Handling duplicates from SQL Dumps/json and API response in Logstash


(Mike W) #1

I am just about to start importing SQL Dumps and API responses from one of the systems. But I have realised that those data dumps and API responses will contain same information all the time, but also:

  • some of the data might get updated (like tables with user details and last_login_time)
  • some of the data might get removed (user has removed their account)
  • some of the data might be added (new users added).

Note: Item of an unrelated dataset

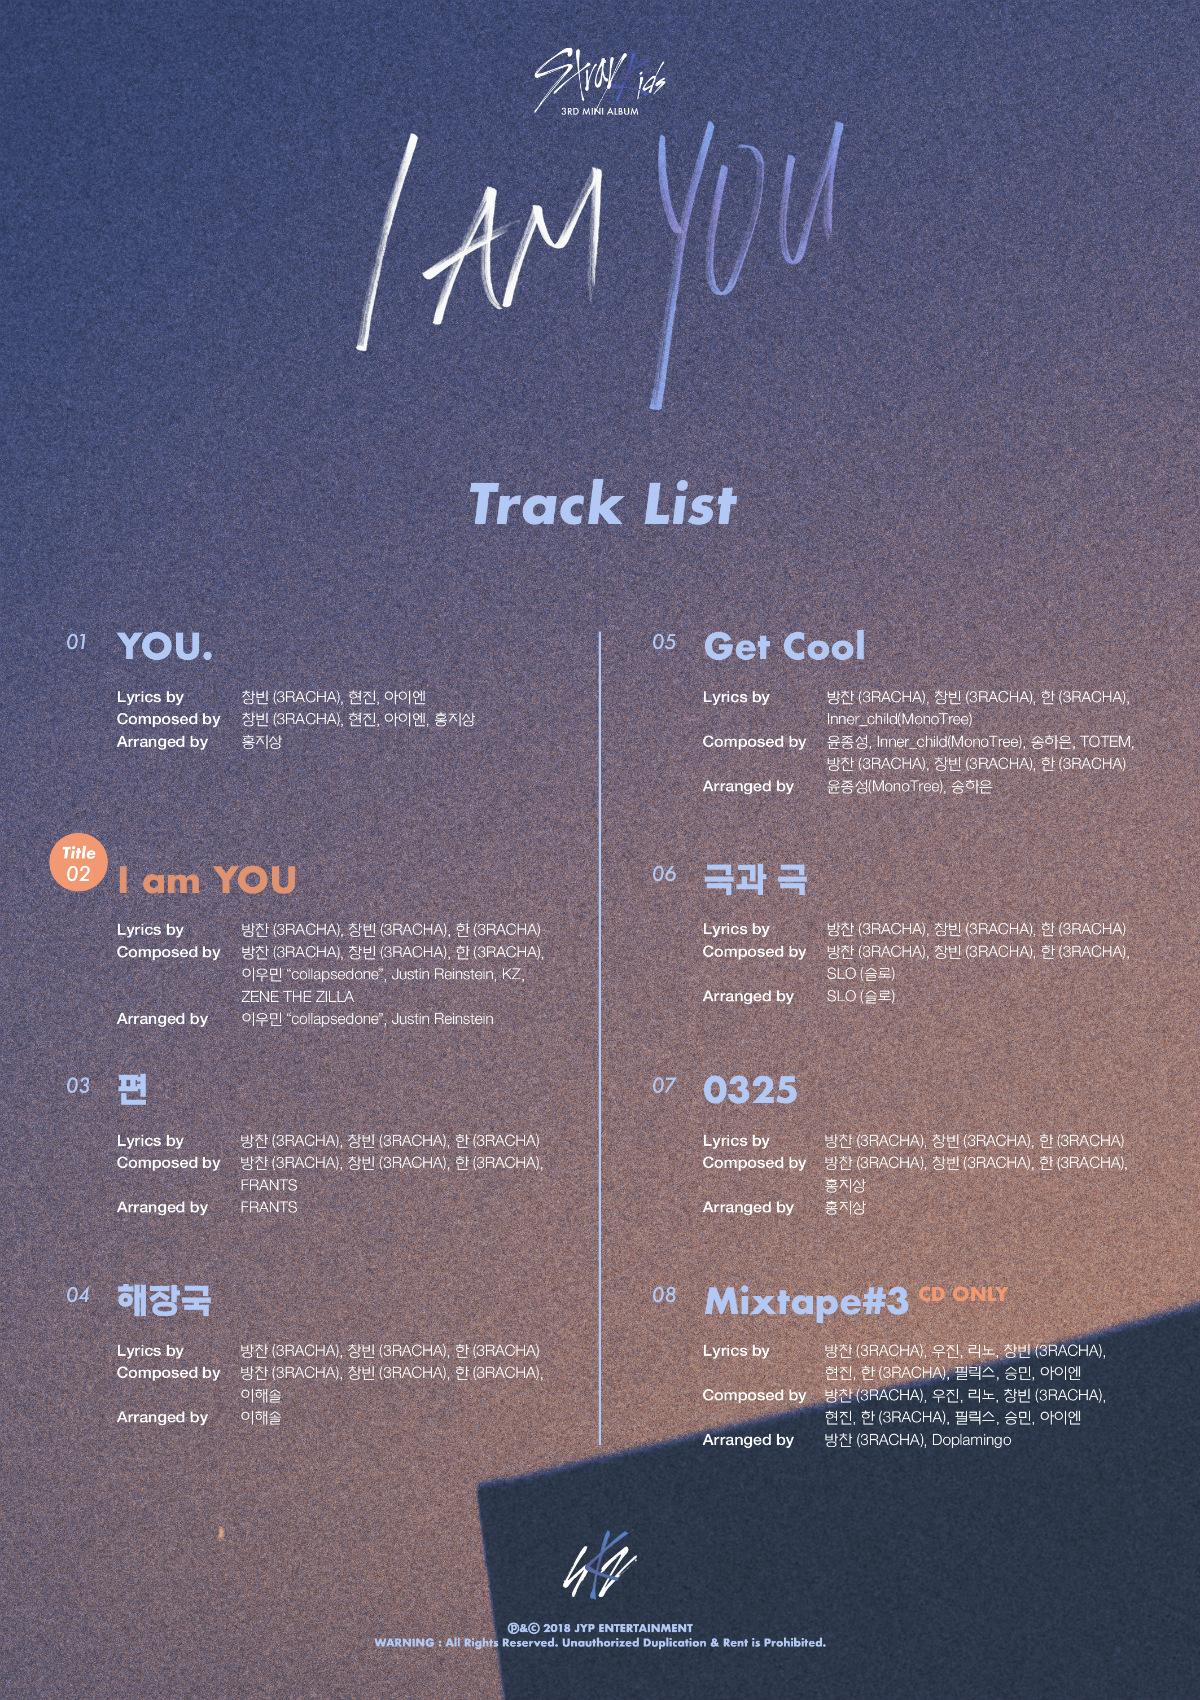 스트레이 키즈, 22일 발매 미니 3집 타이틀곡은 '아이 엠 유'...'전곡 작사, 작곡 참여' 21일 쇼케이스
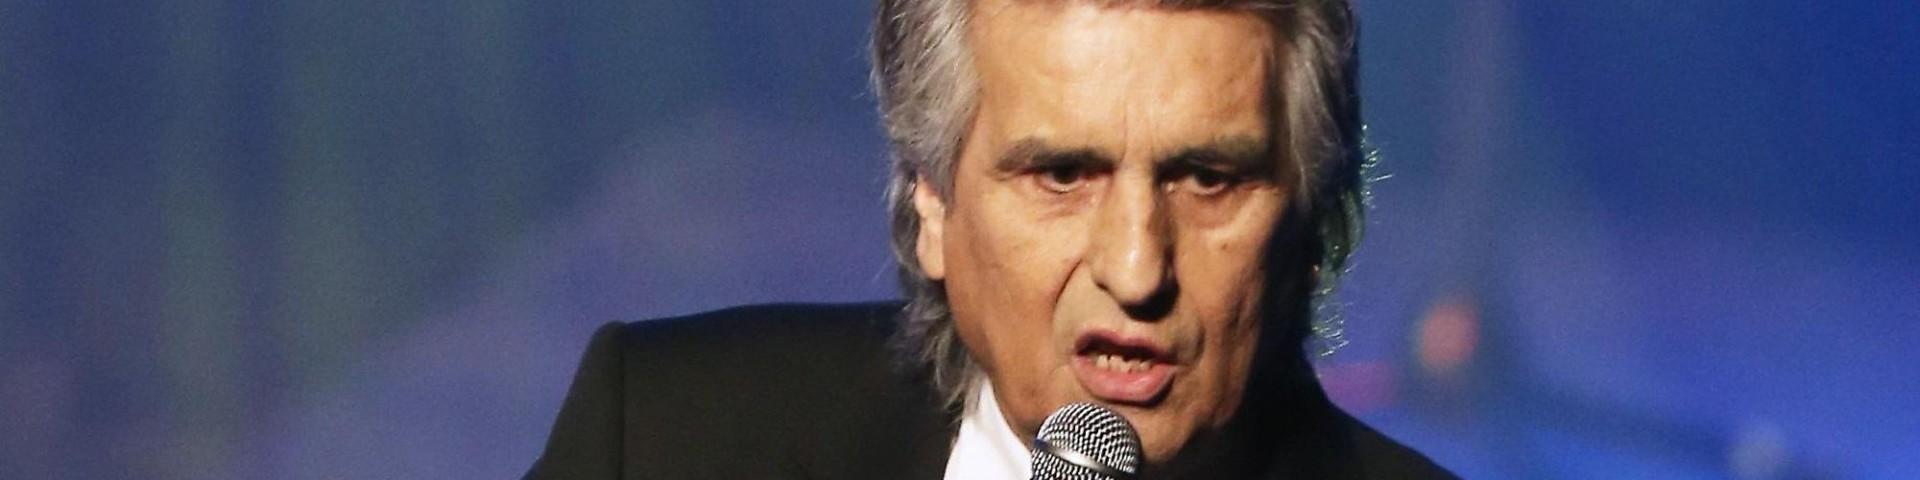 Toto Cutugno: anche lui nella lista nera ucraina dopo Al Bano

How do I handle this in ES? sincedb_path is not helpful at all , this is useful for streaming data only. Even if it once detected that SQL Dump had only one record, filters failed because logstash tried to use filters on the new data only. Why? Because dump is in JSON format, and filters run 'split' module first which obviously doesn't work with just that tiny piece of data which has changed.

Any ideas?


(Mark Walkom) #2

Find some unique, but static values to stitch together to form a _id and then use that for the doc. Then if an update occurs it will just update (overwrite) the existing document.


#3

use scheduler, so that it will update the data for every 1 minute as shown below,

The input code is fine, in the output did you mention elasticsearch to get the result,

Try this,

input {

jdbc {
jdbc_driver_library => "xxxx\oracle-10g\ojdbc14.jar"
jdbc_driver_class => "oracle.jdbc.driver.OracleDriver"
jdbc_connection_string => "jdbc:oracle:thin:@localhost:1521:DATABASE"
jdbc_user => "ROMAINROM"
jdbc_password => "ROMAINROM"
statement => "SELECT TOP 10 * FROM TABLE"
jdbc_paging_enabled => "true"
jdbc_page_size => "50000"
schedule => "*/1 * * * *"
}

}

output{
elasticsearch { codec => json hosts => ["localhost:9200"] index => "index9" }
stdout { codec => rubydebug }
}


Logstash deleting records from Db Table after running logstash.conf file
(Mike W) #5

I am sorry....WHAT?


(system) #6

This topic was automatically closed 28 days after the last reply. New replies are no longer allowed.